Mr. Pastrana had until midnight to decide whether to let the rebels 
keep control of the zone--totaling 16,000 square miles in southern 
Colombia, the size of Switzerland--or retake it by force. With the 
extension, Mr. Pastrana is banking that government negotiators will 
be able to restart peace talks that have been all but dead since 
mid-November, when the rebels froze the talks to protest what they 
said was the government's inability to control right-wing 
paramilitary forces.

The extension will last until January 31, said Camilo Gomez, the 
government's lead negotiator. "It is clear the extension is aimed at 
resolving the frozen dialogues and to advance humanitarian accords 
that we had been working on," he said.

Mr. Gomez cautioned, however, that the extension came with 
conditions, namely restrictions on the entry of people and supplies 
into the demilitarized zone.

News of the extension was made public about 15 minutes before 
midnight, after Mr. Pastrana met with members of the Colombian 
Congress, government ministers and foreign ambassadors, including 
Anne Patterson of the United States.

"It's not an easy decision, but the president has a strong commitment 
to the peace process," Ms. Patterson said. "We all agree that a 
negotiated peace is the only way for Colombia."

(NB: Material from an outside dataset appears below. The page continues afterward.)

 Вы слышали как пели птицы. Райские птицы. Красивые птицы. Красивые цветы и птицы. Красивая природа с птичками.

Mr. Pastrana's decision comes two years after his government, hopeful 
that the 36-year war could be ended, created the zone for the 
Revolutionary Armed Forces of Colombia, or FARC. In November 1998, 
the government pulled 2,500 troops out of the area in Caqueta 
Province.

But that area has become a political liability for Mr. Pastrana. As 
peace talks sputtered, rebel attacks across the country mounted, many 
of them started from inside the territory, the government has said.

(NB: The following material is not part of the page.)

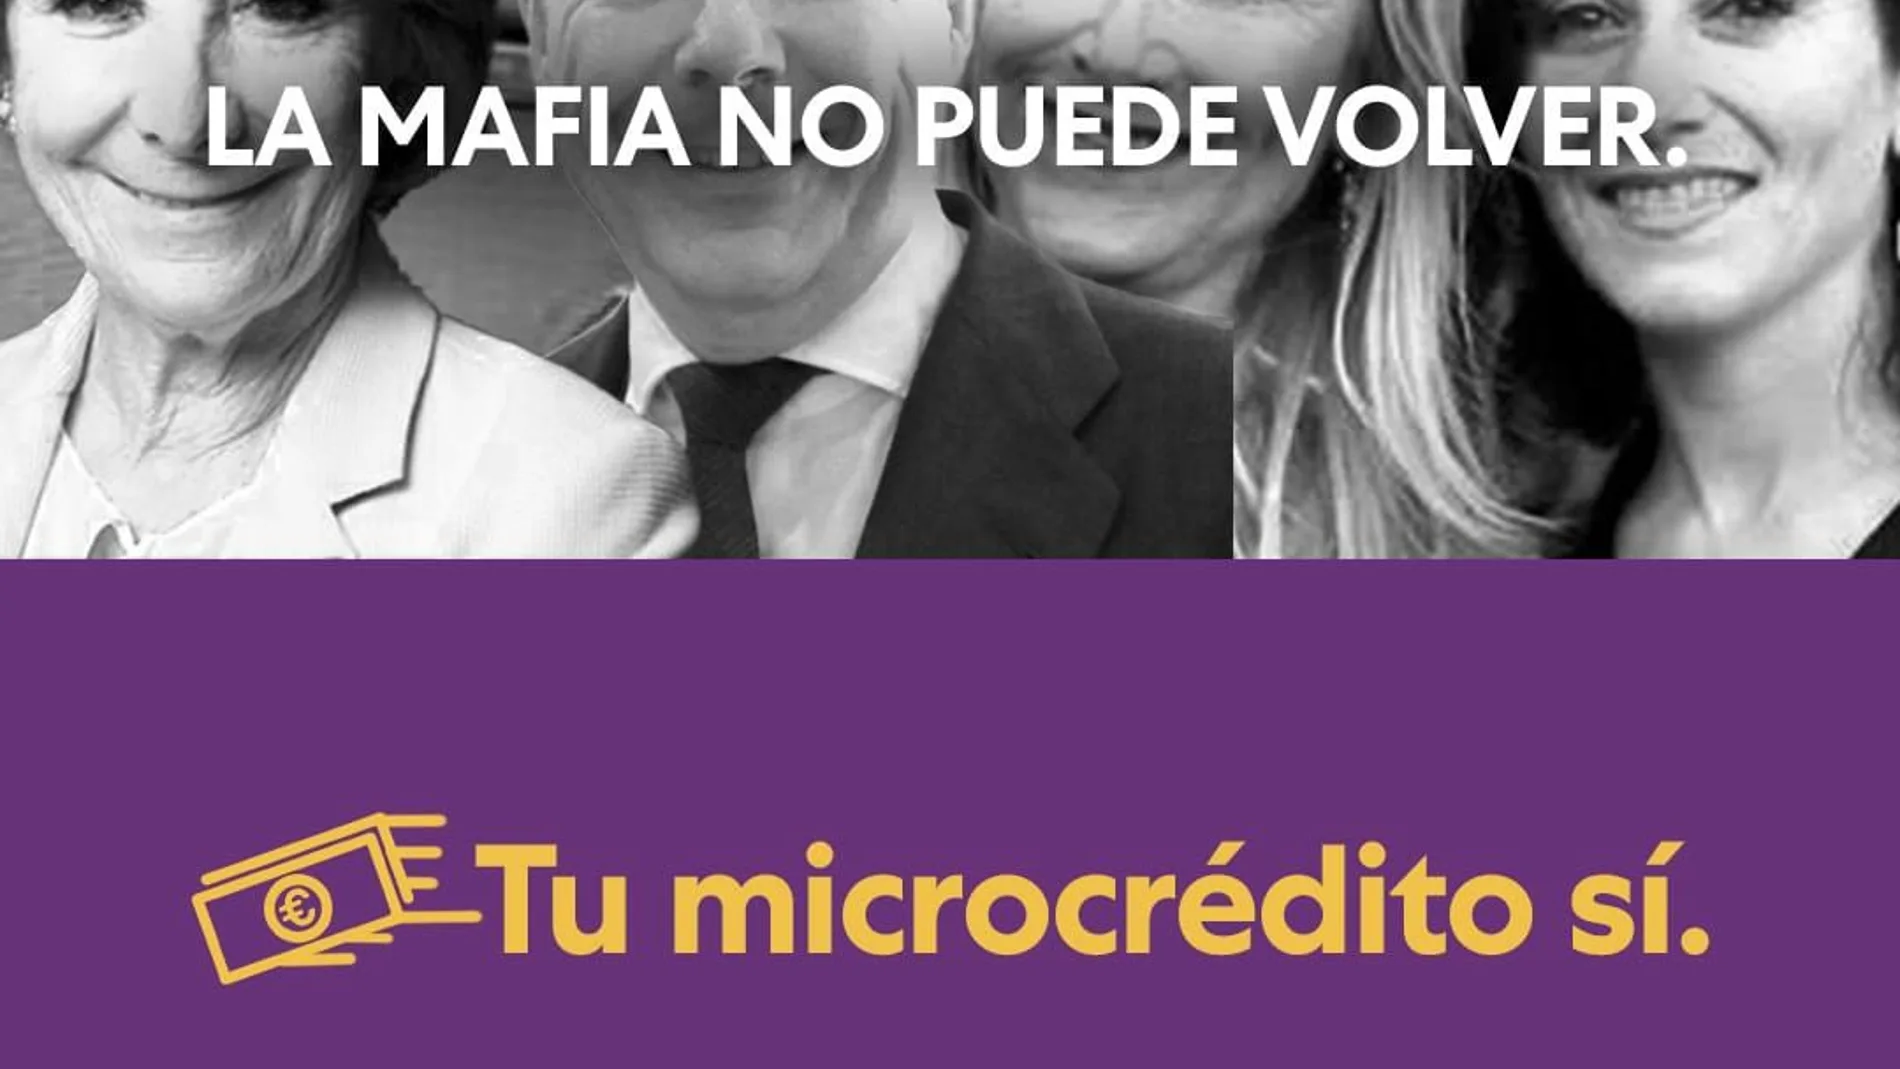 Campaña de Unidas Podemos de microcréditos para Madrid

The rebels are also accused of forcefully recruiting teenage fighters 
who lived in the zone and using the territory as a safe place to hold 
kidnapping victims. This week, a Colombian newsmagazine reported that 
Venezuelan military officials visited FARC leaders inside the zone, 
without Colombian government approval. Colombian and United States 
government officials have also accused the FARC of reaping millions 
of dollars inside the zone by taxing coca farmers and drug 
traffickers and running coca-processing labs.

During his visit to Colombia last month, Gen. Barry R. McCaffrey, the 
United States drug policy coordinator, said that what happened in the 
FARC-controlled area was predictable.

"It has been turned into an armed bastion of the FARC," Mr. McCaffrey 
said. "They're building roads, airfields. They're processing cocaine."